Вызреванию в Рф революционных, освободительных идей со своей точки зрения содействовала и отечест¬венная беллетристика конца XIX - истока XX в.
К огорчению, в большинстве современных изданий, носящих на¬звание «Российская беллетристика XX века», 2-ая половинка века ос¬вещается приметно меньше, часто с крупными «лакунами», либо по¬рою вообщем игнорируется. Изъятие представляют учебное посо¬бие Н. Л. Лейдермана и М. Н. Липовецкого, состоятельное историко-литера¬турным материалом, осознанным «в теоретическом ключе», и вспомоществование под редакцией Л. П. Кременцова. Вообщем, не вдаваясь в оценку и доскональную характеристику уже имеющихся трудов, подметим, что их присутствие не отменяет последующих розысков в этом направленности.
Один из немаловажных вопросцев, сообразно сей день встающих перед ис¬следователями и педагогами, это неувязка периодизации исто¬рии российской литературы XX в. , в том числе в особенности - крайнего пятидесятилетия.
В современной «Летописи российской литерату¬ры XX века», обхватывающей формирование отечественной литературы с 1890-х сообразно 1990-е годы, разумеется рвение изучить важные внутренние закономерности литературного процесса только века.
При этом выделяются 3 огромных периода, связанных с особенно значи¬мыми общественно-историческими действиями в Рф XX в. :
a. конецХ1Х - 1-ые 2 десятилетия XX в. (1890 - 1920),
b. 1920-е - правило 1950-х годов,
c. середина 1950-х - 1990-е годы.
Может быть, предоставленная периодизация и нуждается ещё в уточнениях, однако в целом, как мне видится, её разрешено взять.
При этом 2-ая половинка века(1950 - 1990-е годы. )стает еще как довольно большущий и непростой период, для которого в основном типично ущелье и продолжение способностей литературы в критериях непростого, со вся¬кого рода препятствиями и отступлениями, хода демократизации об¬щественной жизни опосля погибели И. В. Сталина и разоблачения на XX съезде партии(1956)этак именуемого «культа личности».
В этом протяженном во времени историческом периоде разрешено ус¬ловно отметить 3 шага:
a. с середины 1950-х - по конца 1960-х годов,
b. с истока 1970-хдо середины 1980-х
c. со 2-ой пятидесяти процентов 1980-х по конца века и тысячелетия.
Несомненно, они отмечены раз¬ным нравом, сложностью и неравномерностью развития, хода об¬щественно-литературного процесса.
Направляет на себя интерес особенный динамизм ереломного вре¬мени - конца 1950-х - истока 1960-х годов, оживленность, пробуж¬дение литературных сил в период короткой и не оправдавшей связан¬ных с нею надежд хрущевской «оттепели».
И, против, - замед¬ленность, тормознутость, проявления «идеологии и психологии за¬стоя» в период брежневского правления - со 2-ой пятидесяти процентов 1960-х, а в особенности в конце 1970-х - истоке 1980-х гг.
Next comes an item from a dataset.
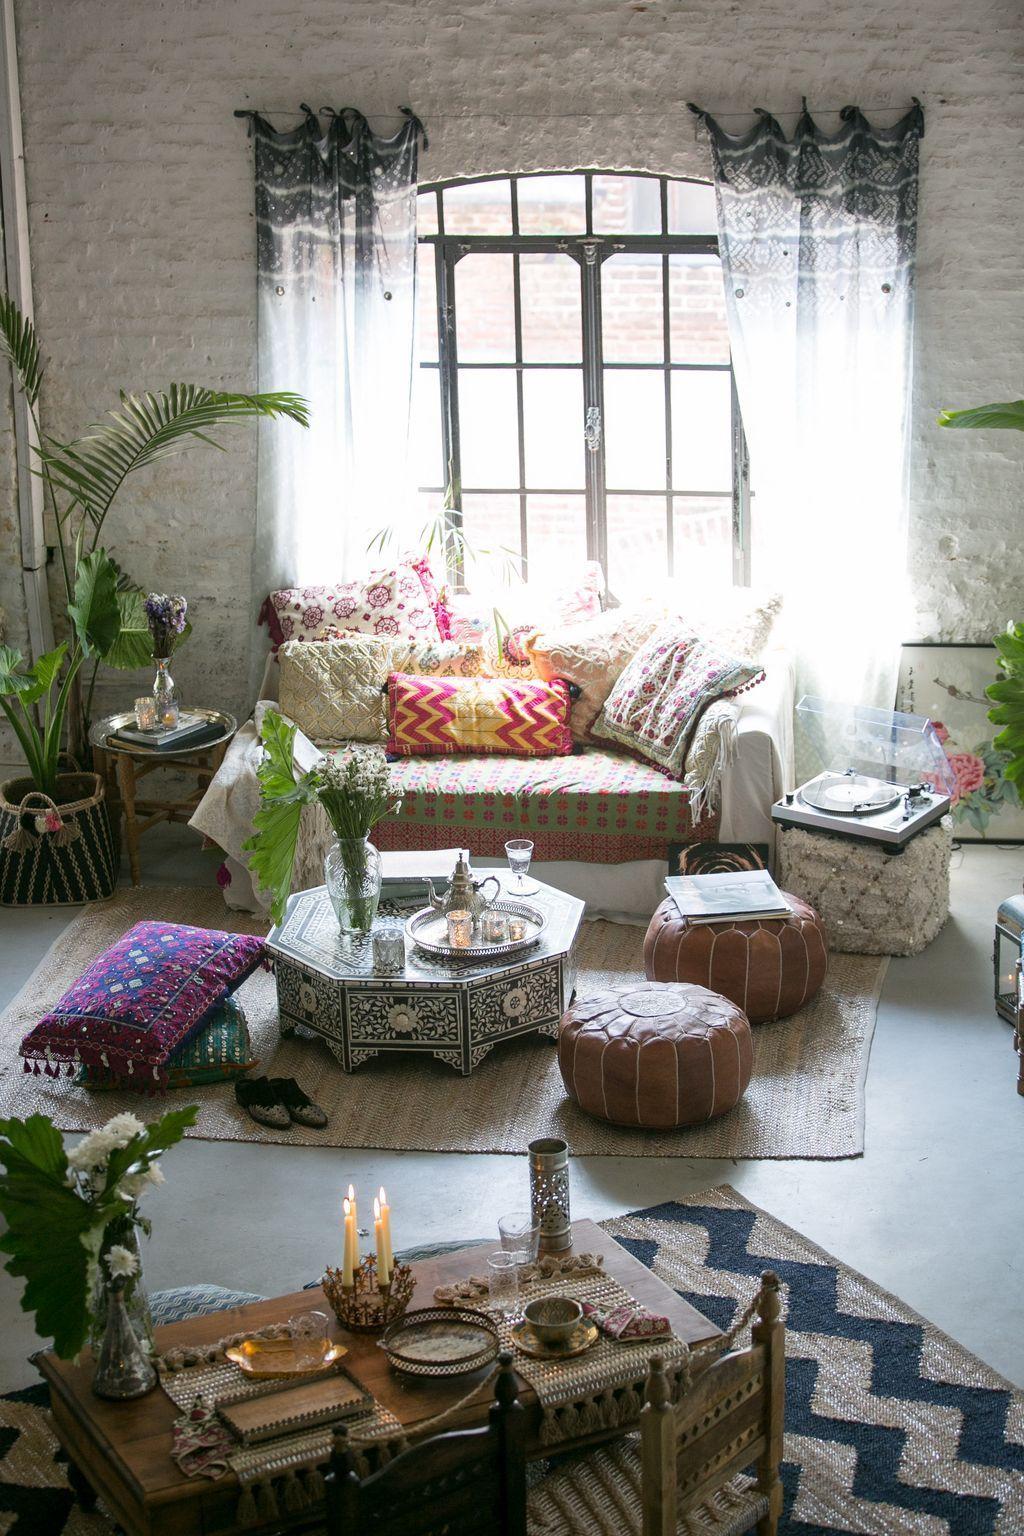 90 modern rustic bohemian living room design ideas decor 2 home decor diy home decor. Black Bedroom Furniture Sets. Home Design Ideas
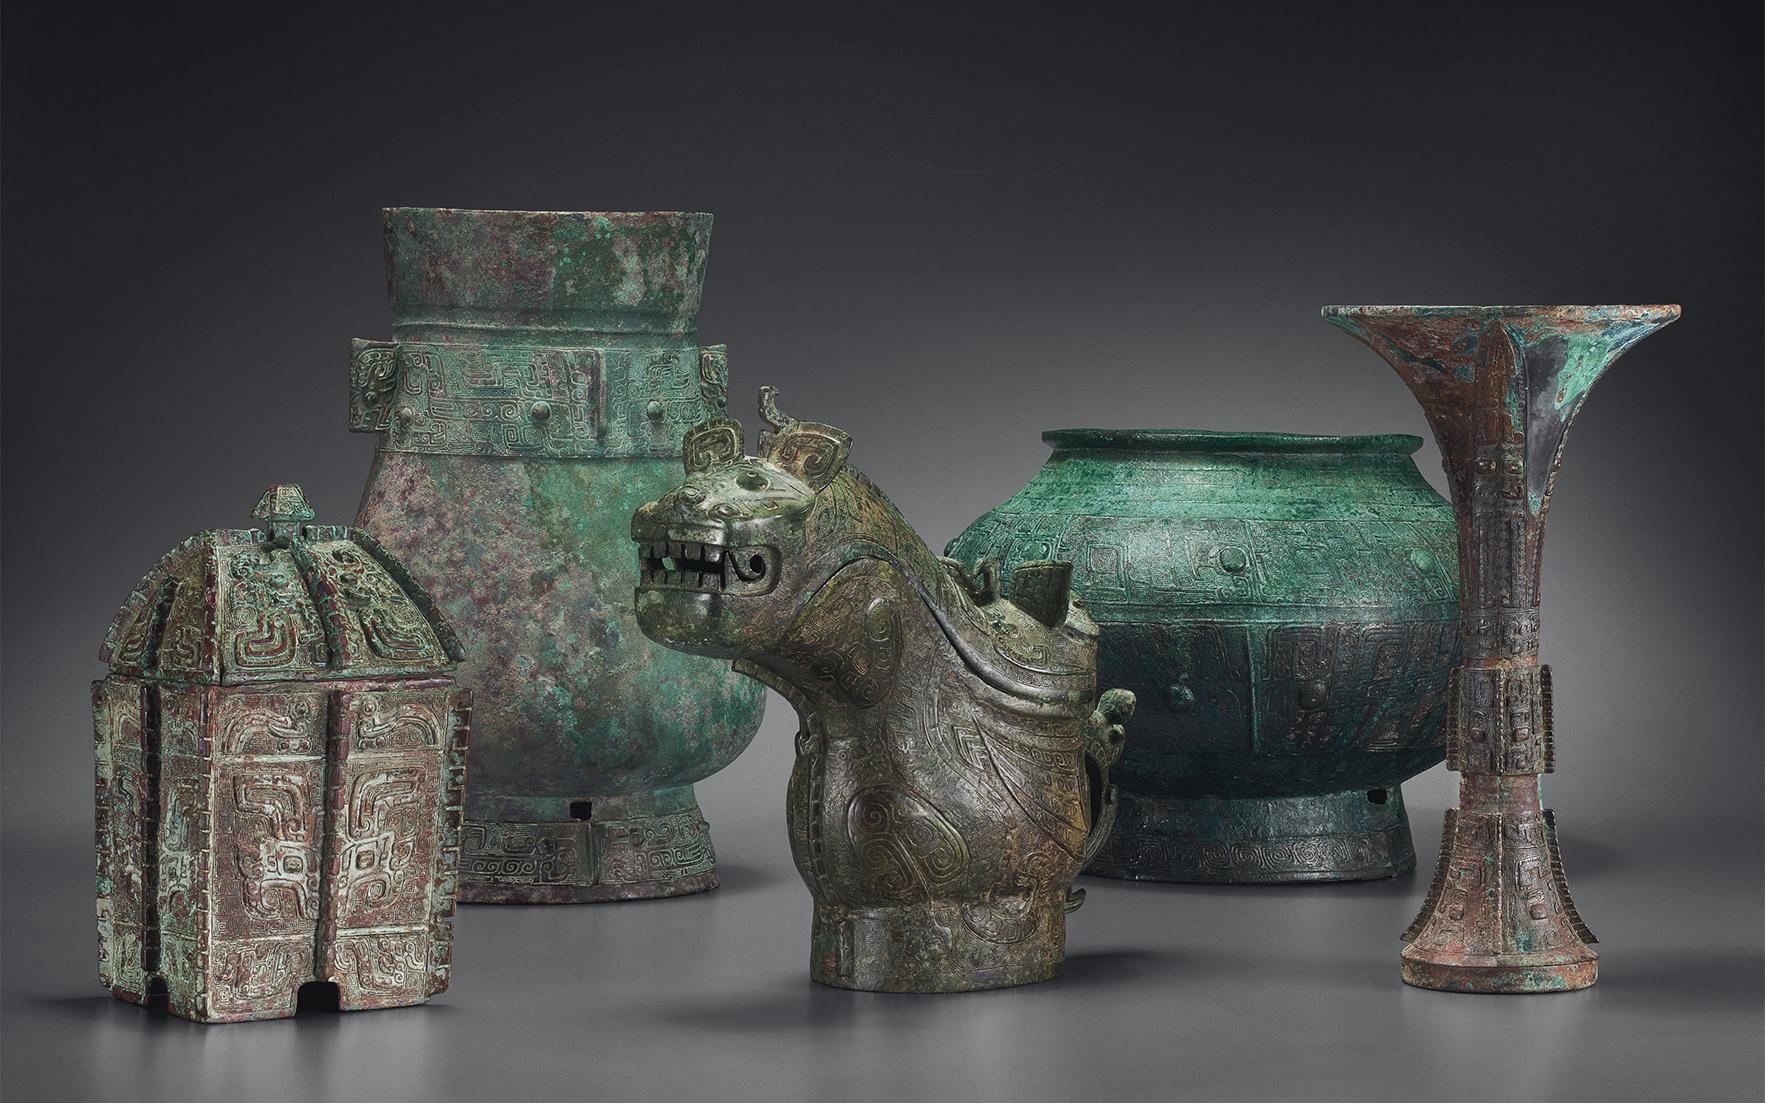 Chinese archaicbronzes

В конце концов, с новейшей силой обозначаются смены и обновление в публичной и духовной жизни и, поэтому, в литературе с середины 1980-х годов.
Никогда ещё человечная мысль не дости¬гала таковых умопомрачительных высот в постижении законов окружа¬ющего решетка, в изобретении технических средств, решительно из¬менивших жизнь людей.
Успехи не лишь науки, техники, однако и художества сулили прогресс и благосостояние. Глянцевитый Седовласый век российской литературы, поразивший множеством и многообразием талантов, оставил глубочайший отпечаток в летописи вселенской словесности. Но греза о гармоническом развитии человечьих отношений и в этом веке осталась неосуществленной.
Судьбина российской литературы была настолько же катастрофической, как и судьбы населения земли. Её формирование опосля 1917 г. оказалось насиль¬ственным образом трансформировано и протекало в 3-х основ¬ных руслах: беллетристика российского зарубежья(И. Бунин, И. Шмелев, В. Набоков и др. ), беллетристика, официально не признанная(А. Ахма¬това, М. Булгаков, А. Платонов и др. ), российская русская литера¬тура, сообразно превосходству социалистического реализма(М. Горьковатый, Маяковский, М. Шолохов и др. ).
Однако многолетний эксперимент развития художества доказал, что художе¬ственные творения оцениваются самостоятельно от идеологиче¬ских суждений и места писателя в гос иерархии. И М. Горьковатый, и И. Бунин, и М. Булгаков - до этого только талант¬ливые живописцы, что обязано существовать определяющим в оценке их творчества.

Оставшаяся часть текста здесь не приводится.